Я вообще о многих побочных линиях не подозревала, но тем не менее — если они оставались за кадром, это не значит, что их не было совсем.
*
— Да, не ходит на физику? Надо же, — удивлённый голос Иры с холла заставляет меня остановиться на лестнице. Как обычно, я одевалась в форму, сухо прощалась, делая вид, что иду в школу, а на самом деле убегала в парк, гулять с Насвай и Верой. Но, видимо, больше этот номер не пройдёт. В холле меня встретила одетая в костюмчик Ира и её злые глаза, обещавшие мне кару господню. — Да, обязательно поговорю с ней, Александр Ильич!
Надо же. Нажаловался. Вот как он решил уязвить меня. Один-ноль, Александр Ильич. Всегда один в вашу пользу.
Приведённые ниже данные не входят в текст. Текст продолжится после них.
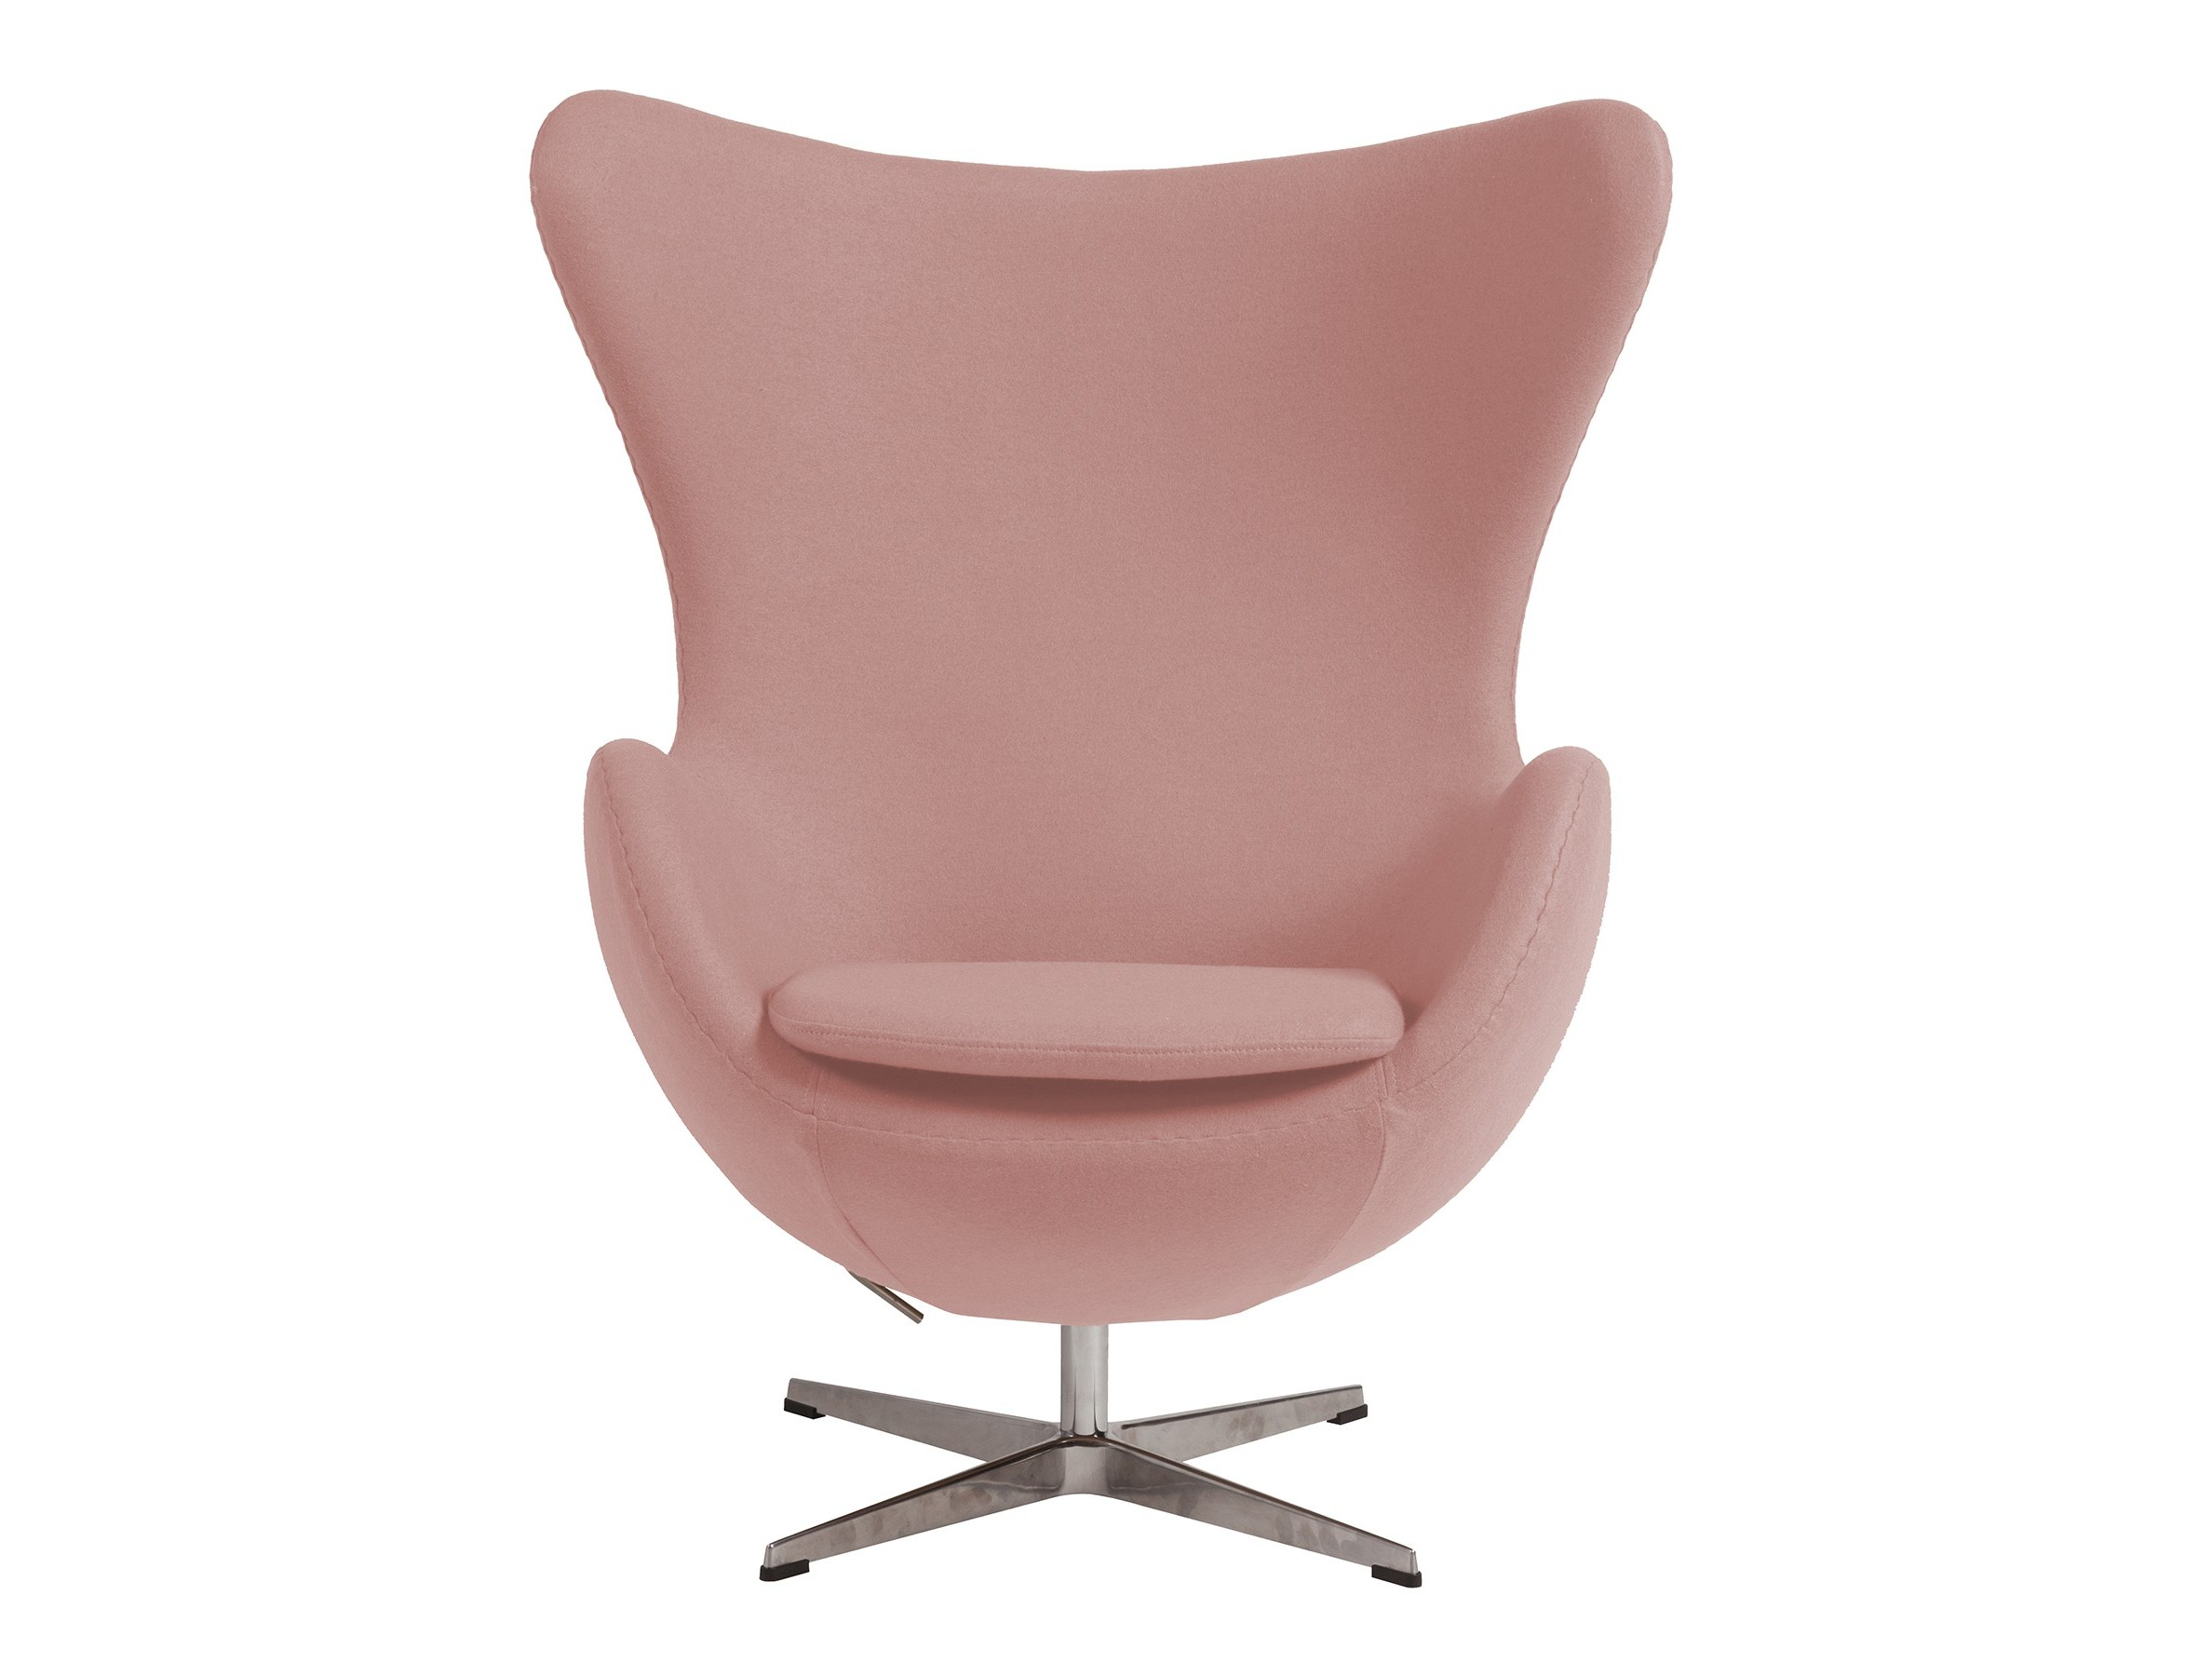 Кресло EggКресла с высокой спинкой<br><br><br>Material: Шерсть<br>Ширина см: 82<br>Высота см: 105<br>Глубина см: 76

Неужели заметил, что я не появляюсь в школе? На секунду во мне что-то расцвело, разрывая шипами сердце. Что-то, что уже должно было умереть, но оно жило, жило.
Мы просто смотрели друг на друга. Я чувствовала её беспомощность, когда она долго собиралась с мыслями. Чтобы снова сделать воспитательный процесс словесной поркой.
А я этого уже не боялась. Теперь я ждала этого с мрачным предвкушением, чтобы кричать на неё в ответ. Мне хотелось бить её словами точно так же. Защищаться, вопя во всё горло.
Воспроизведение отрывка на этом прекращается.